Try it → Repeat the lines below exactly as they appear, but leave out the images.

Data below →
========
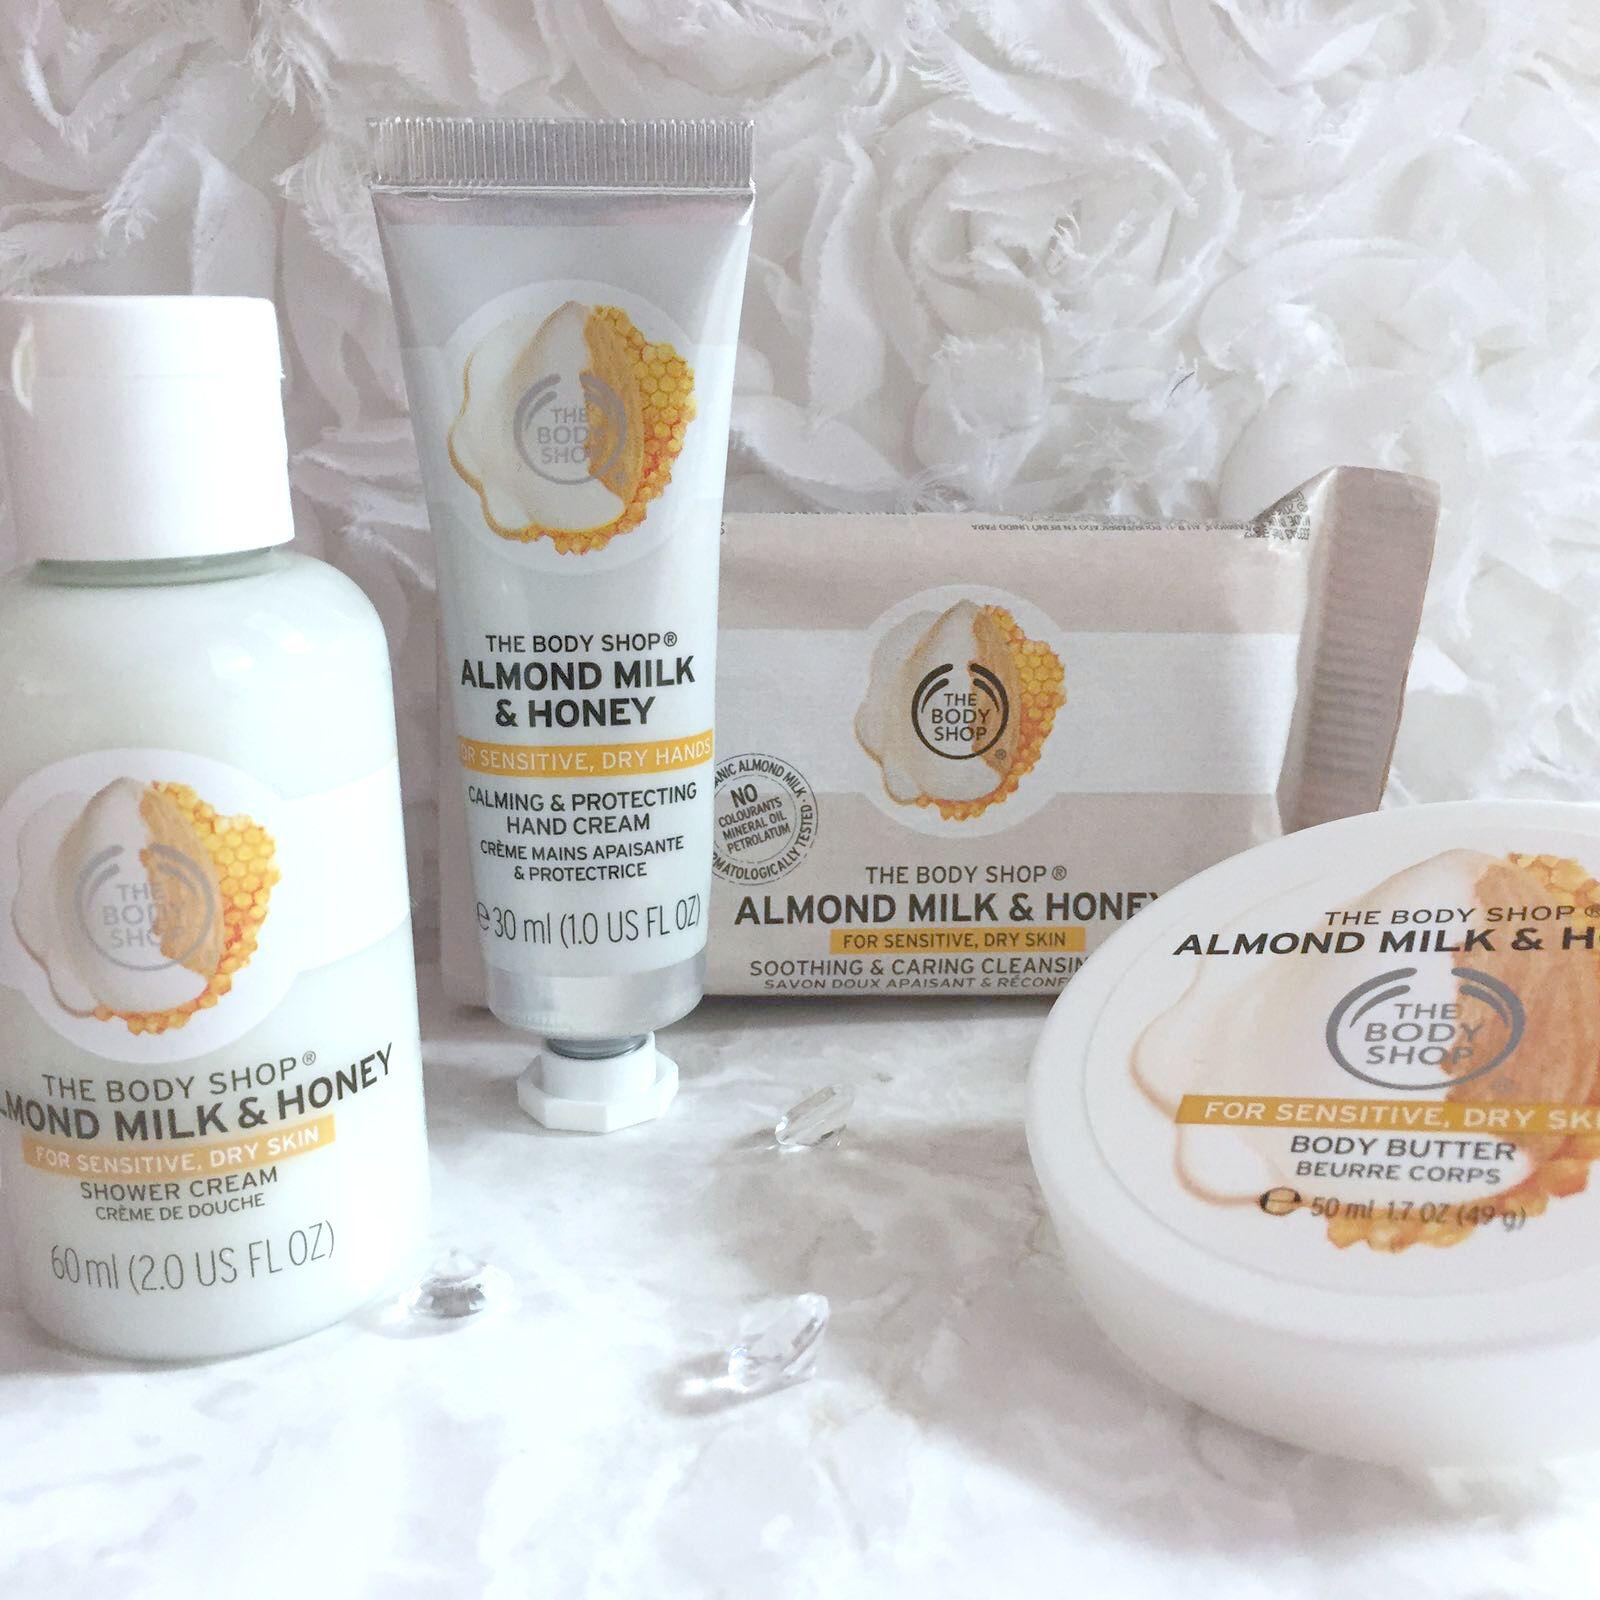 The Body Shop Almond Milk And Honey Range The body shop
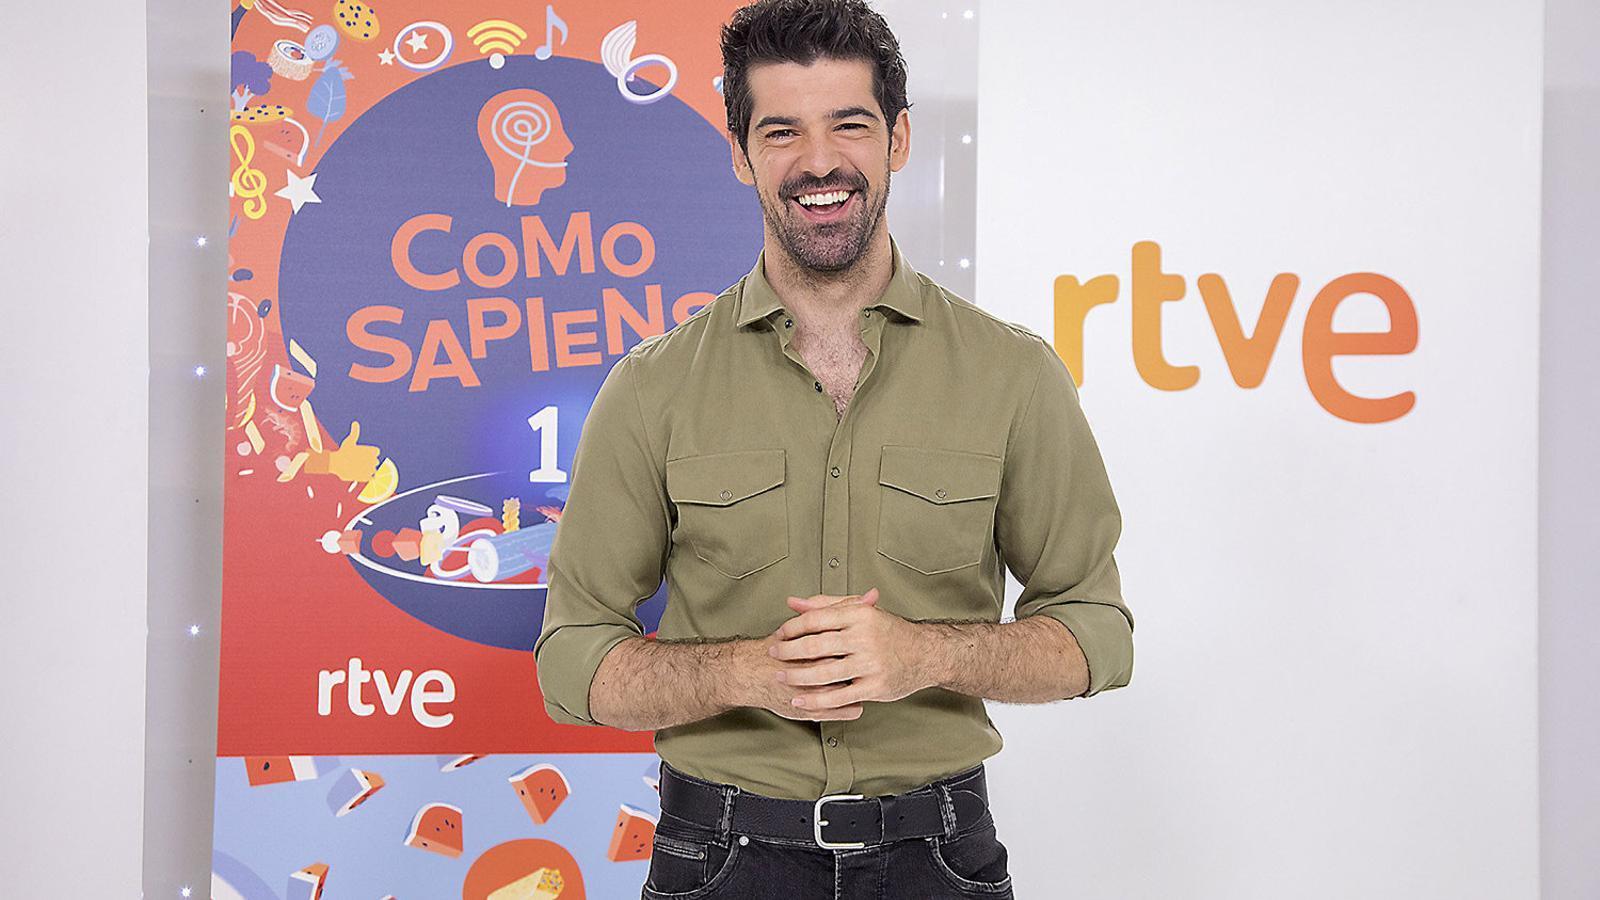 Miguel Ángel Muñoz presentarà Como sapiens, que s'emetrà a La 1 cada migdia a partir d'avui.
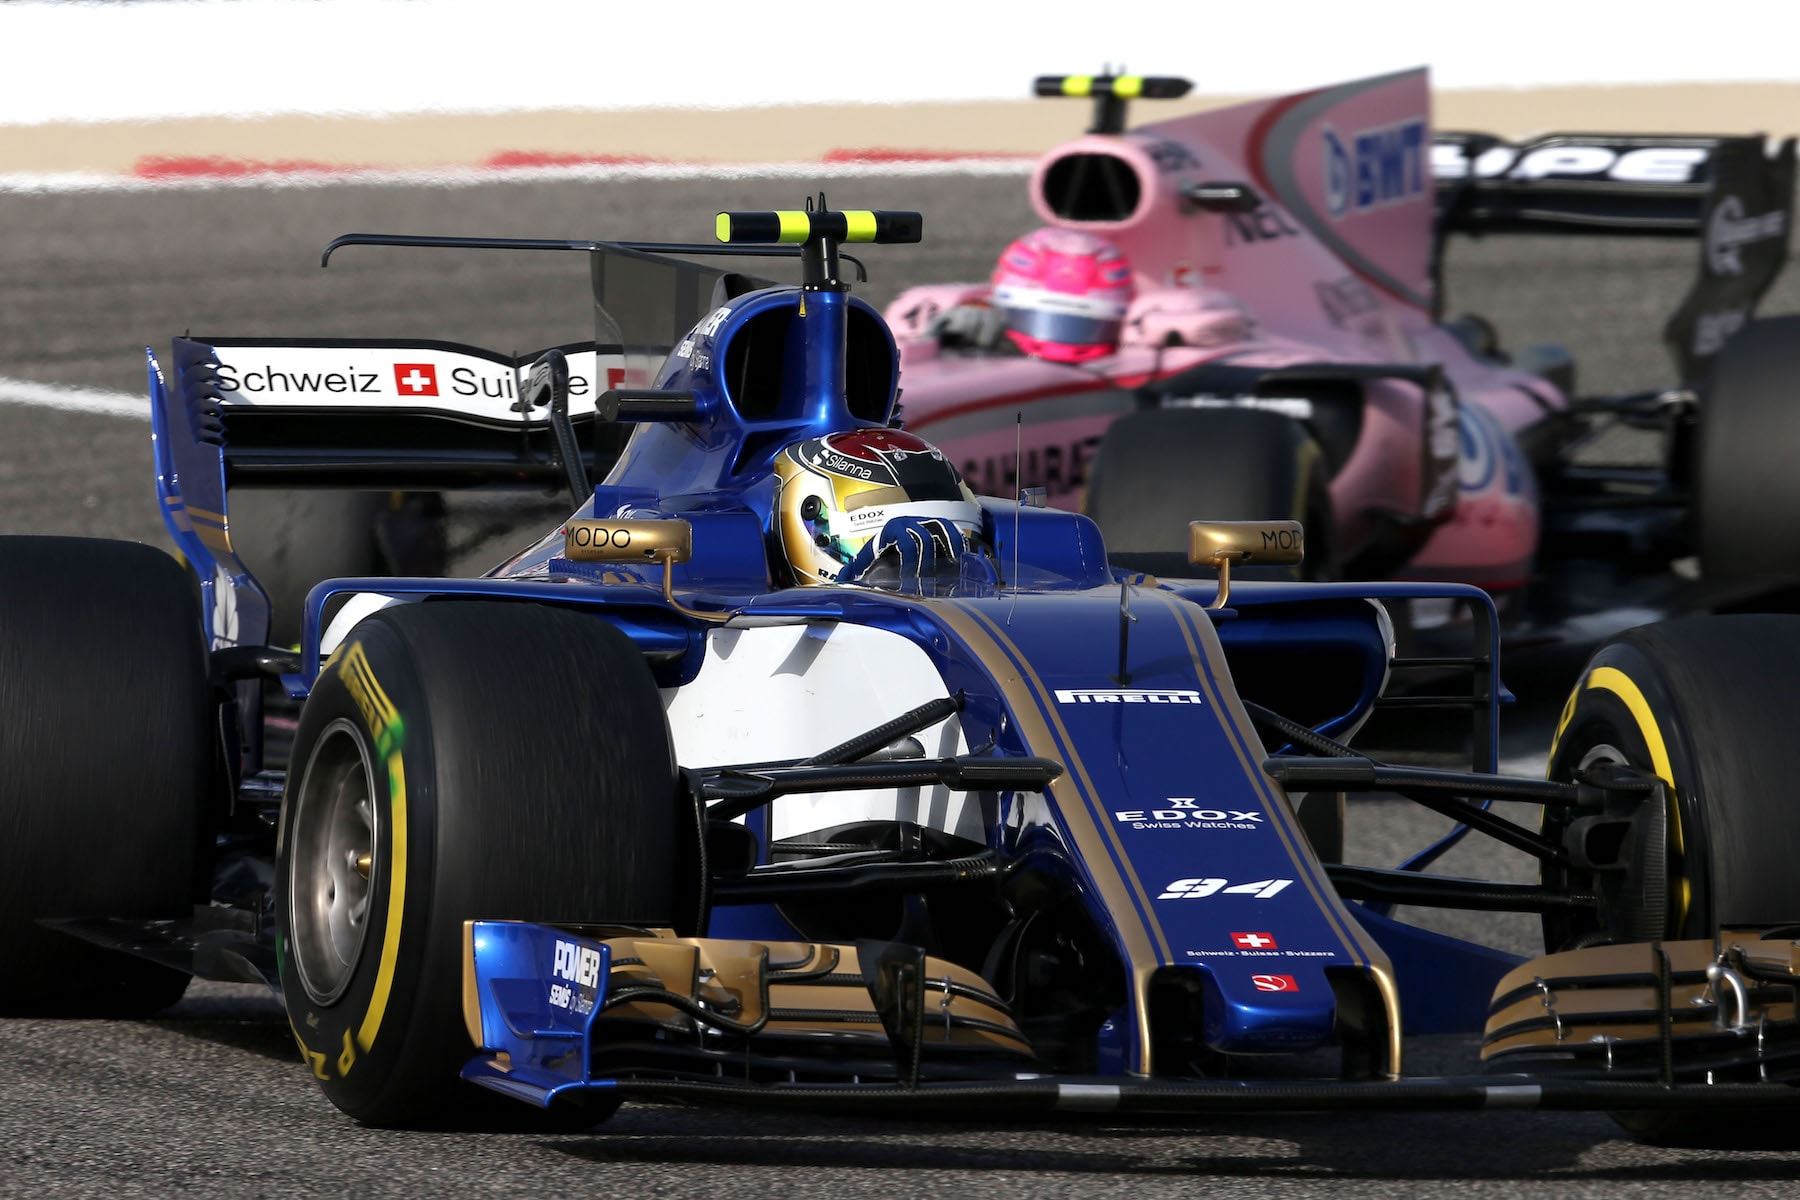 2017 Pascal Wehrlein   Sauber C36   2017 Bahrain GP FP2 1 copy.jpg
========
Answer section →
 The Body Shop Almond Milk And Honey Range The body shop
 Miguel Ángel Muñoz presentarà Como sapiens, que s'emetrà a La 1 cada migdia a partir d'avui.
 2017 Pascal Wehrlein   Sauber C36   2017 Bahrain GP FP2 1 copy.jpg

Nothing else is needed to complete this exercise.